Design of a Web Crawler
Design
This lesson describes the building blocks and the additional components involved in the design and workflow of the web crawling process with respect to its requirements.
Components
Here are the details of the building blocks and the components needed for our design:
- Scheduler: This is one of the key building blocks that schedules URLs for crawling. It’s composed of two units: a priority queue and a relational database.
- A priority queue (URL frontier): The queue hosts URLs that are made ready for crawling based on the two properties associated with each entry: priority and updates frequency.
- Relational database: It stores all the URLs along with the two associated parameters mentioned above.
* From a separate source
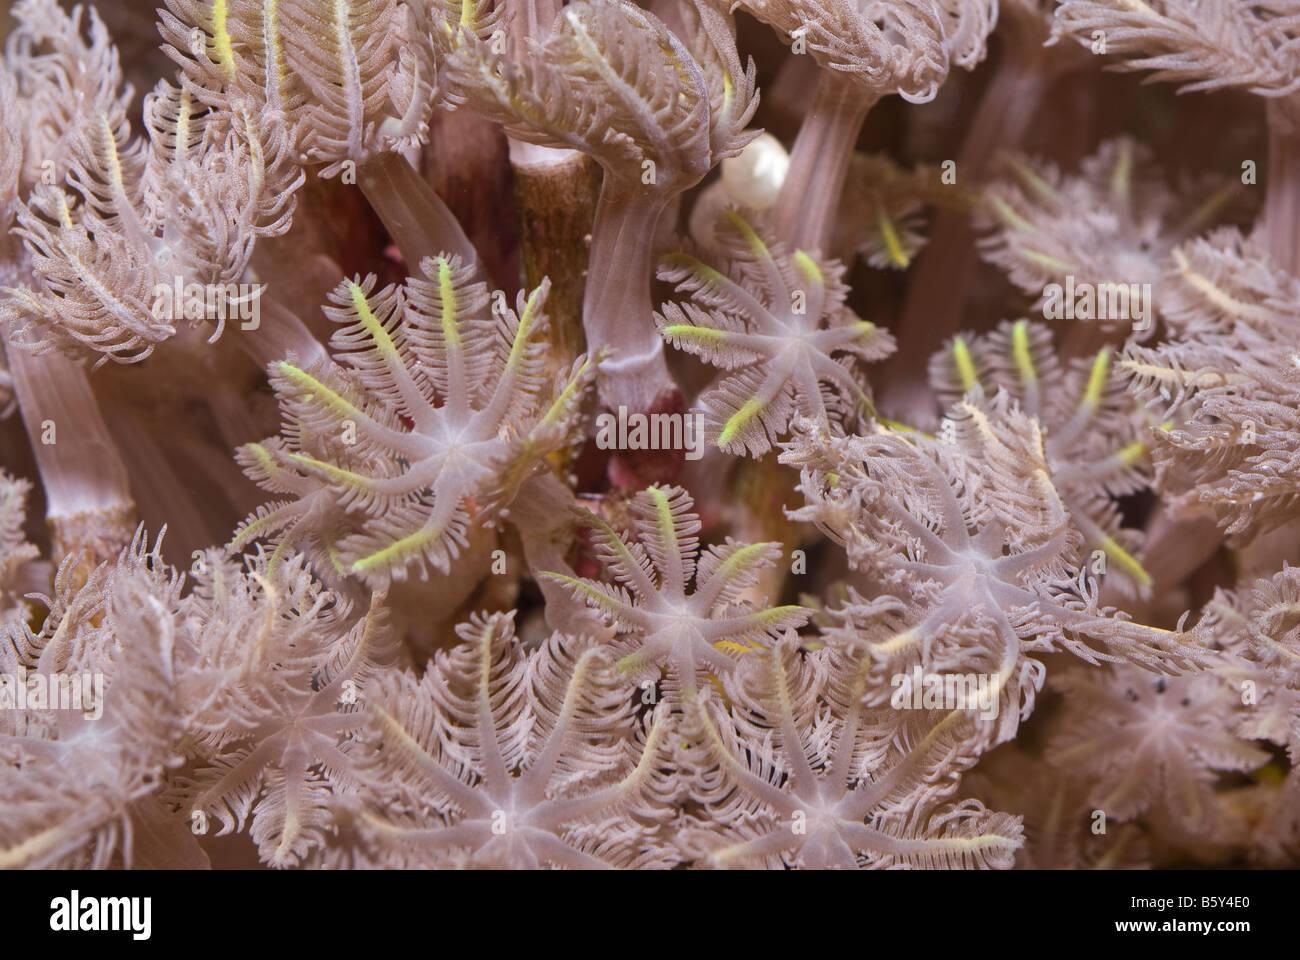 Soft coral Cespitularia sp., reef invertebrates of Indo-pacific ocean - Stock Image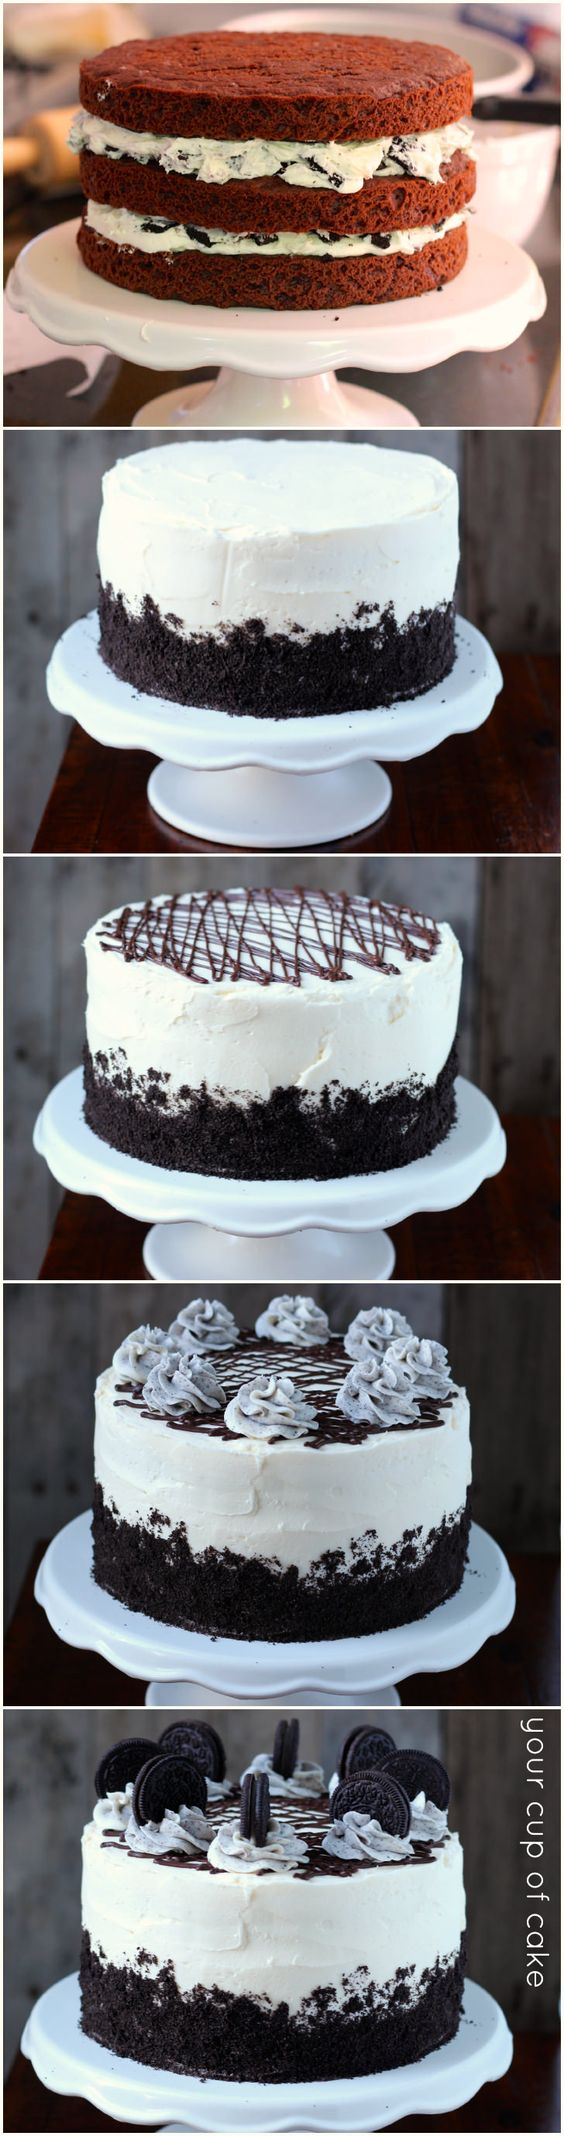 How to make an Oreo Cake. AMYYYYY!! @huebnamy @am

The database gets populated by new requests from the following two input streams:
- The user’s added URLs, which include seed and runtime added URLs.
- The crawler’s extracted URLs.
Question 1
Can we estimate the size of the priority queue? What are the pros and cons of a centralized and distributed priority queue.


Having a single queue is beneficial for the deduplication of redundant links and better for the overall crawler resources. We’ll handle the recrawling priority and frequency another way, as explained in the next sections, for which we need the distribution mechanism.
Question 2
How will we distribute the URL frontier among different workers and what purpose will this serve?
As was defined earlier, the URL frontier is a priority queue used in the scheduler and it holds the URLs that need to be crawled through. When we talk about its distribution, we mean taking the hash value of the hostname’s URLs and mapping them to specific workers. This way, each worker will have its own sub-queue.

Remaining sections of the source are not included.